Write out exactly, excluding pictures, the lines from the one containing "PRINCIPIO DEI NUMERI" through the end of the data, both included.

> _Dataset content_:
-=-=-

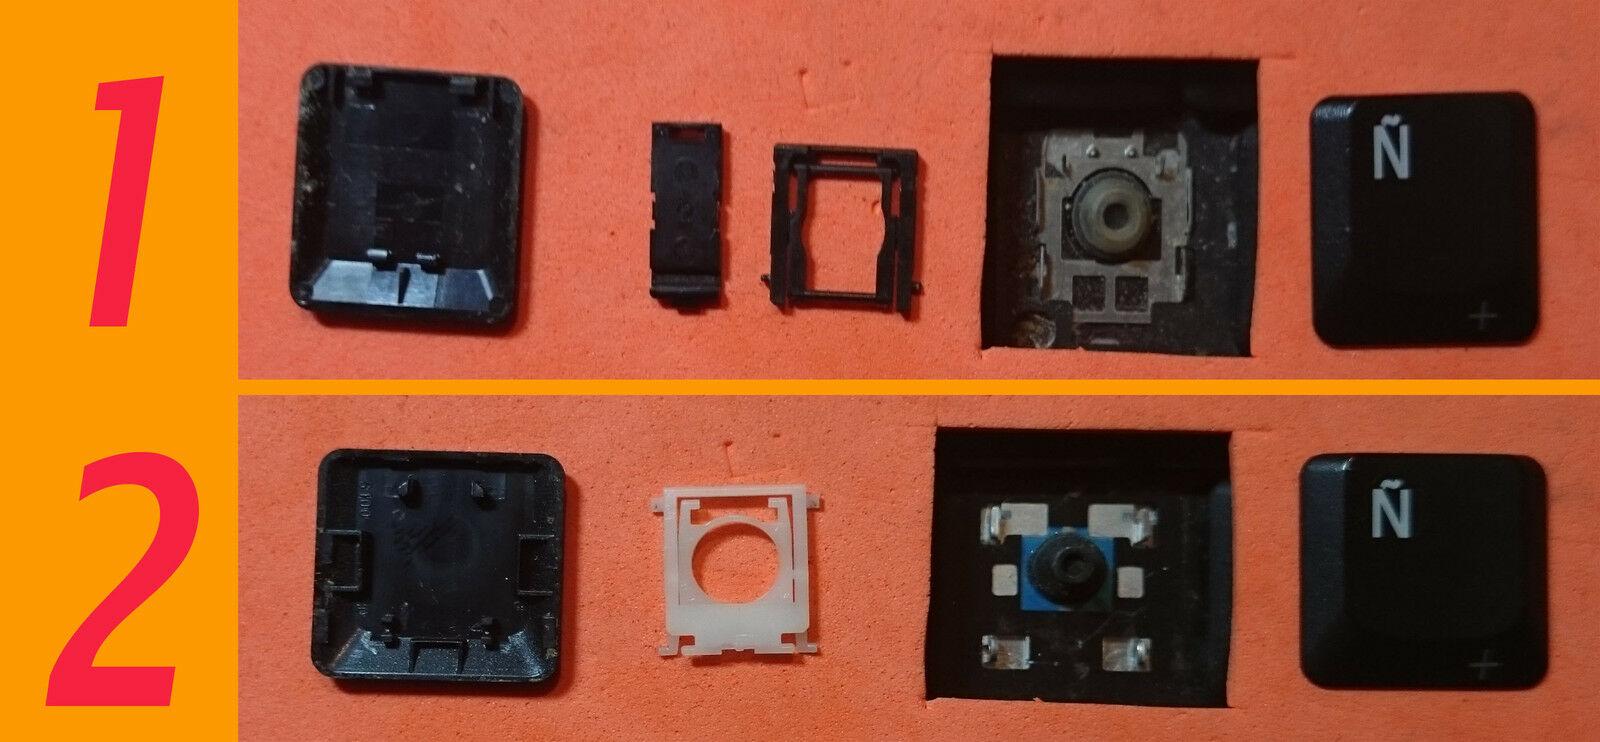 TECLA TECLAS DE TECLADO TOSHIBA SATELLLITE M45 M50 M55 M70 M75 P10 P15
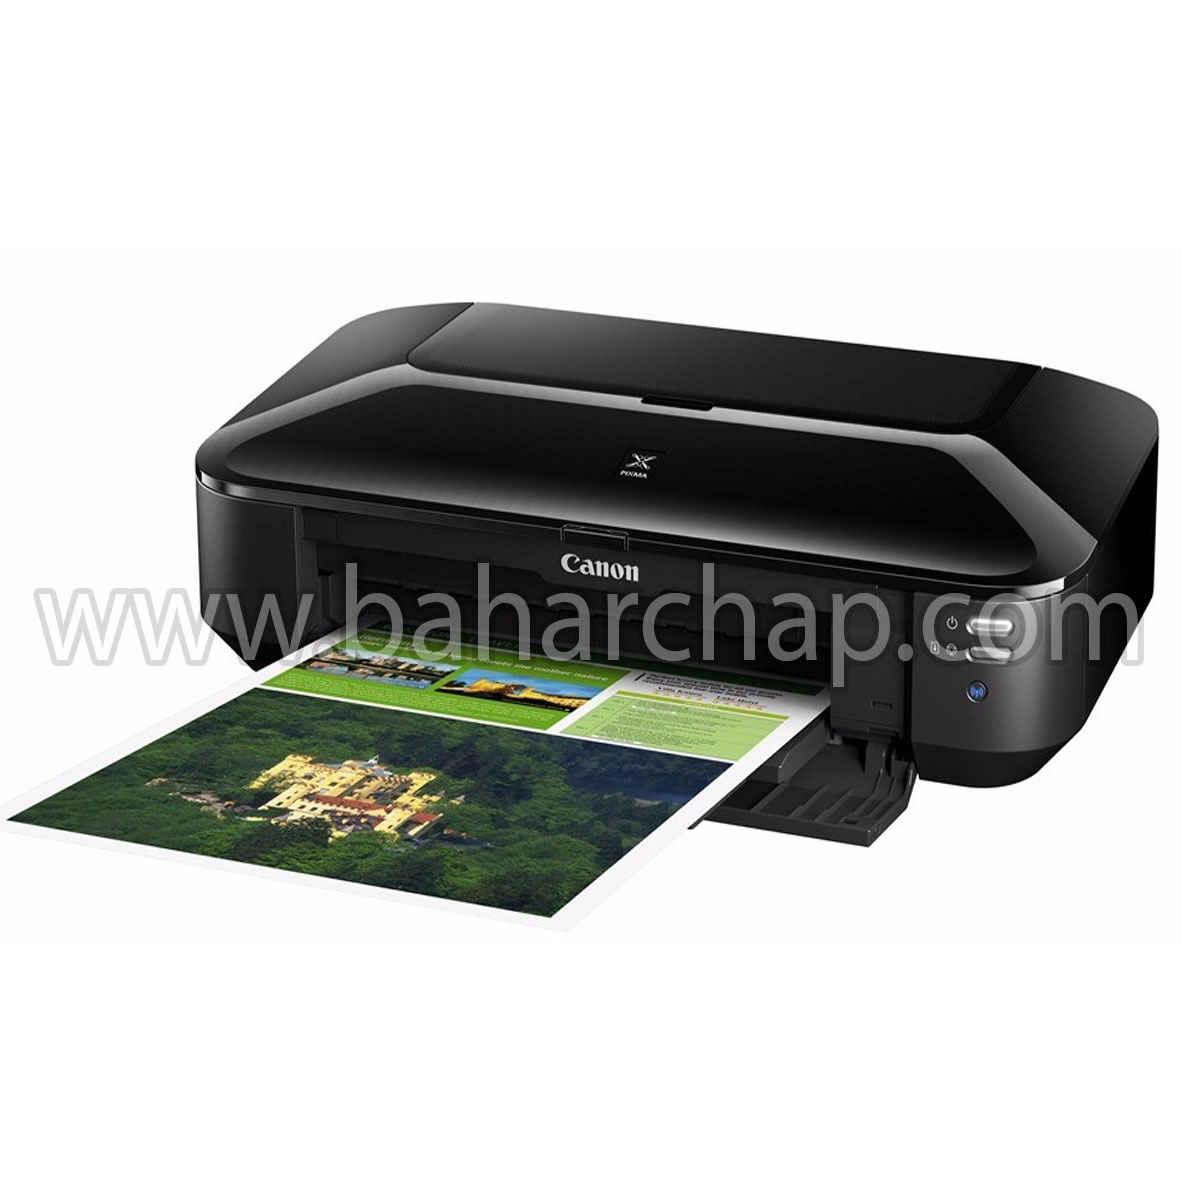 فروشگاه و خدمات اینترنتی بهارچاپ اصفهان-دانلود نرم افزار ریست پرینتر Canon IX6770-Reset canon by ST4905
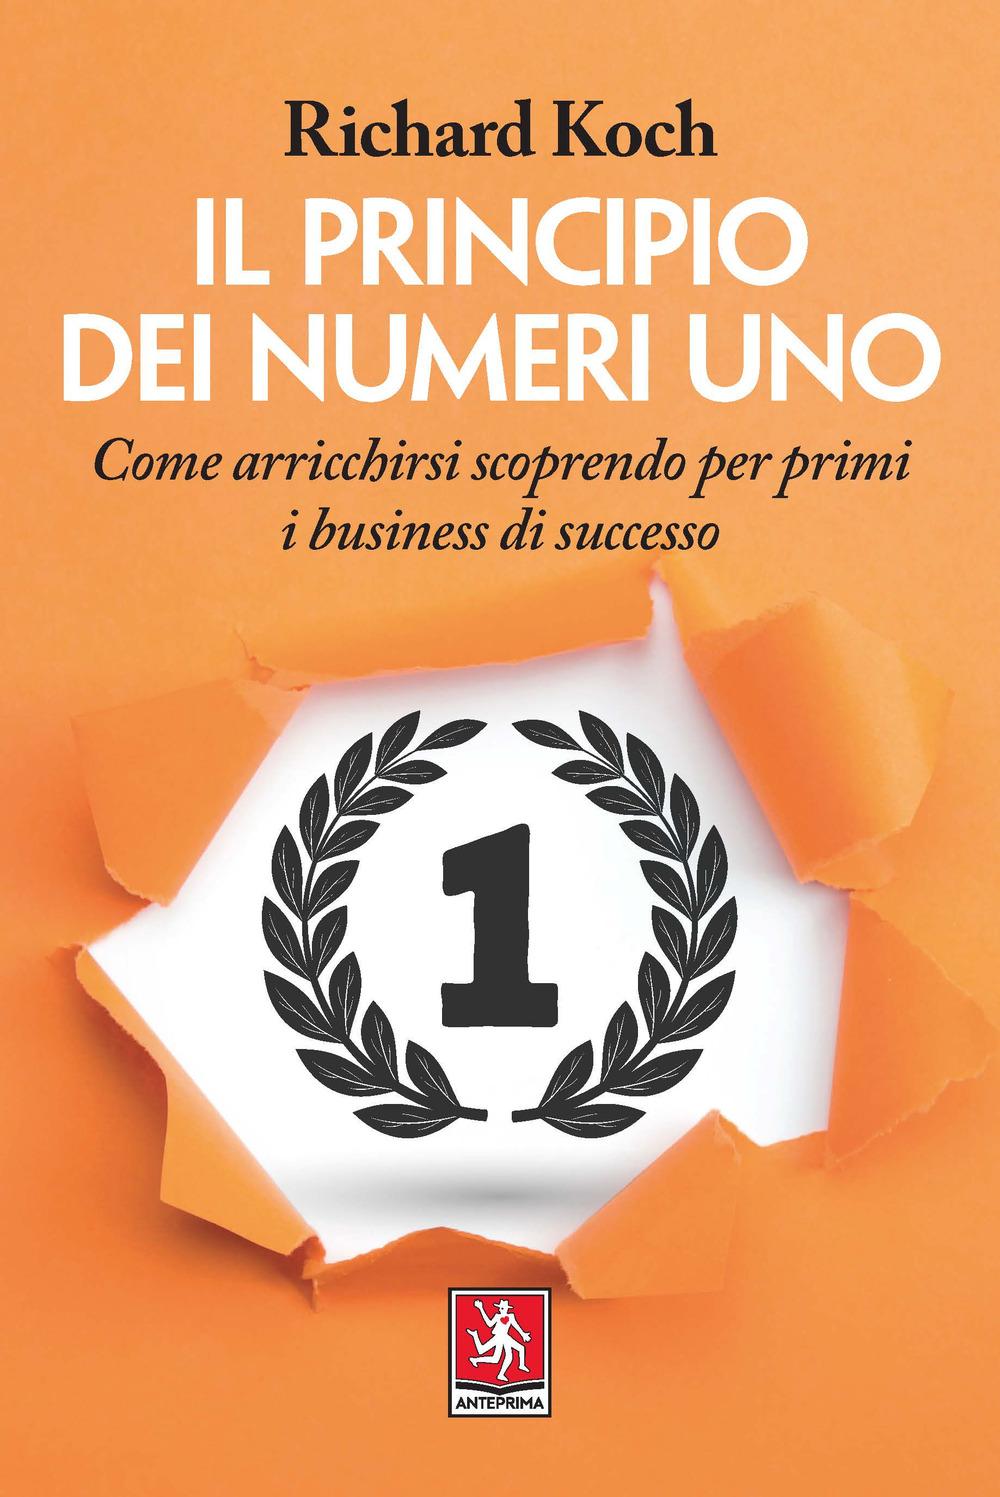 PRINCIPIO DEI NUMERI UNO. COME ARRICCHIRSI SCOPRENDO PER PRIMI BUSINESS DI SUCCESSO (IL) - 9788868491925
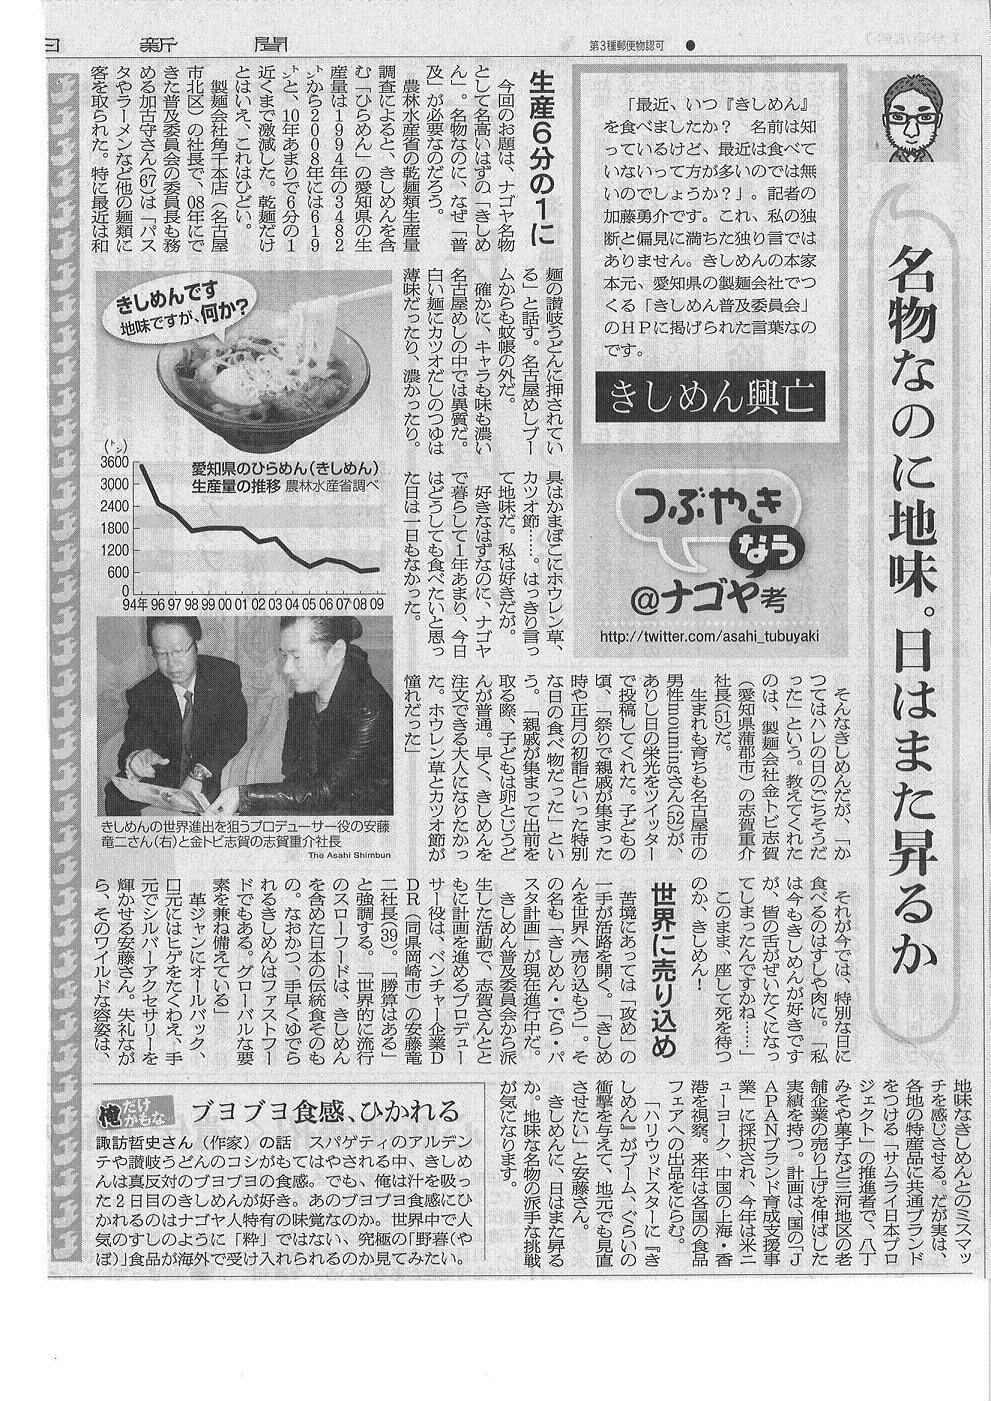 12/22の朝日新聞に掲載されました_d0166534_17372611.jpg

-=-=-

> _Solution_:
 PRINCIPIO DEI NUMERI UNO. COME ARRICCHIRSI SCOPRENDO PER PRIMI BUSINESS DI SUCCESSO (IL) - 9788868491925
 12/22の朝日新聞に掲載されました_d0166534_17372611.jpg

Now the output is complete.